Она снова развалилась на песке. Я плюнул на её бесстыжий вид и стал готовить рыбу. Осётр оказался самцом. Жаль, была надежда, что в животе у рыбы икра, а не молоки. Голова и хвост пошли на уху, остальная часть рыбного деликатеса отправилась жариться на углях. Вскоре обалденный аромат пропитал всю округу. Ви непрерывно бросала на меня косые голодные взгляды.
Когда осетрина прожарилась, я стал её есть, демонстративно причмокивая и облизывая жирные пальцы:
– Ой, какая вкусняшка. Даже в лучших ресторанах не подают ничего подобного.
Она не выдержала и постаралась испортить мне аппетит своей словесной язвой:
– Ты был в лучших ресторанах?
– Представь себе.
– В Макдональдсе или в KFS? И какой из них тебе больше нравится?
– А! Ничего у тебя не выйдет. Я сытый, потому и добрый. Меня ничем не прошибёшь. А фаст-фуд я не люблю. Поэтому не хожу в твои любимые забегаловки.
– Ну, скажи, скажи куда ты ходишь? Могу представить, что это. А поняла – чебуречная. Или как там у вас в Питере: французская кухня от Шамшира – шаурма.
– Не знаю о чём ты, но осетрина просто объедение.
– У-у-у, – рыкнула она. – Вот ведь, скотина. Ладно, дай кусочек.
– Сначала оденься. Или в твоих ресторанах все голыми ходят? А, понял: твой рестик для голодранцев. Для голожопиков, – я засмеялся, пытаясь зацепить этим девушку. – И называется твой любимый ресторан: «Bare ass» – «Голая задница». Или даже так: «Бар Ass» – «Бар Задница».
– Сейчас получишь.
– Хорошо-хорошо, не буду больше издеваться. Но только в том случае, если ты оденешься.
Она встала и стала демонстративно надевать трусики, грациозно прогибая спинку и вытягивая ножки:
– Так достаточно?
– Нет.
– Сейчас во всём мире на пляжах девушки топлес ходят. Мы же на пляже.

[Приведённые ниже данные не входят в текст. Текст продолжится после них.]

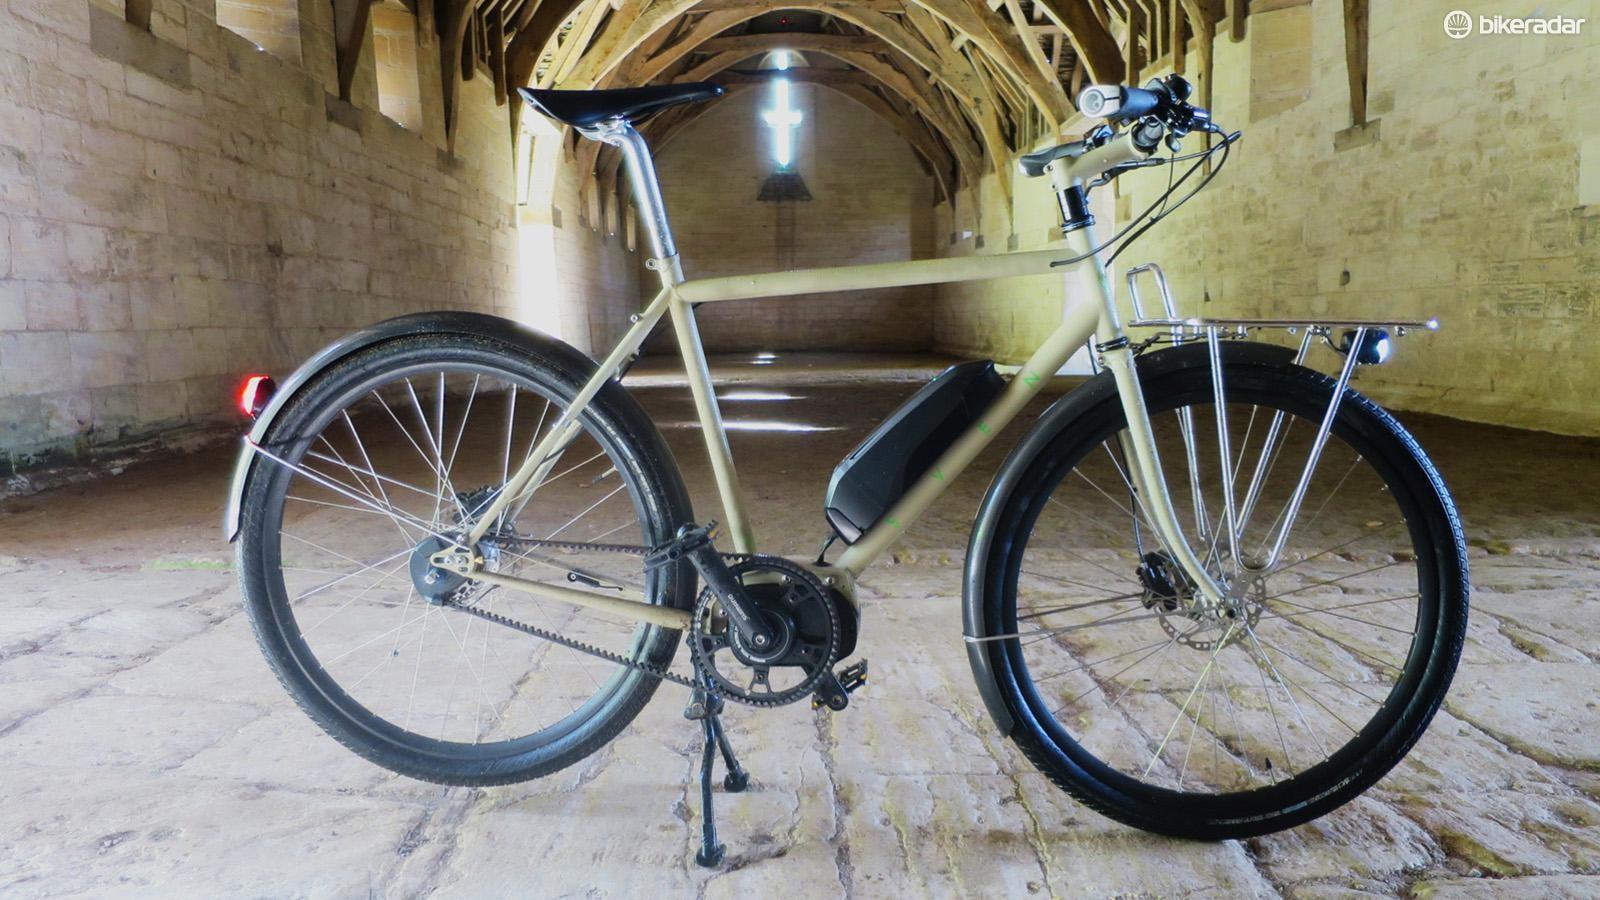 Sven Cycles' new Swift may be the first semi-custom Steel utility e-bike we've seen

– Но во всём мире топлес в рестораны не пускают. А ты сейчас в ресторане.
– Вот, нудила. Достал святошу из себя строить.
Тем не менее, она оделась.
– Держи, – я протянул Виоле большой кусок.
Осетрину можно употреблять без перца и без соли. В любом случае язык проглотишь. Мы налопались практически до икоты. Жиром были измазаны руки, лицо и одежда.
– Вот чего ты добился? Теперь вся одежда в жире. А так бы искупалась и всё. Теперь эти пятна уже не отстирать.
– Твой гламурный наряд нет никакого смысла отстирывать. Ему давно пора в топку.
– Ой! А твоим этим жутким штанам и рванной-прерванной ветровке, где место? О, правильно! А давай всё сожжём и будем жить, как обыкновенные дикари.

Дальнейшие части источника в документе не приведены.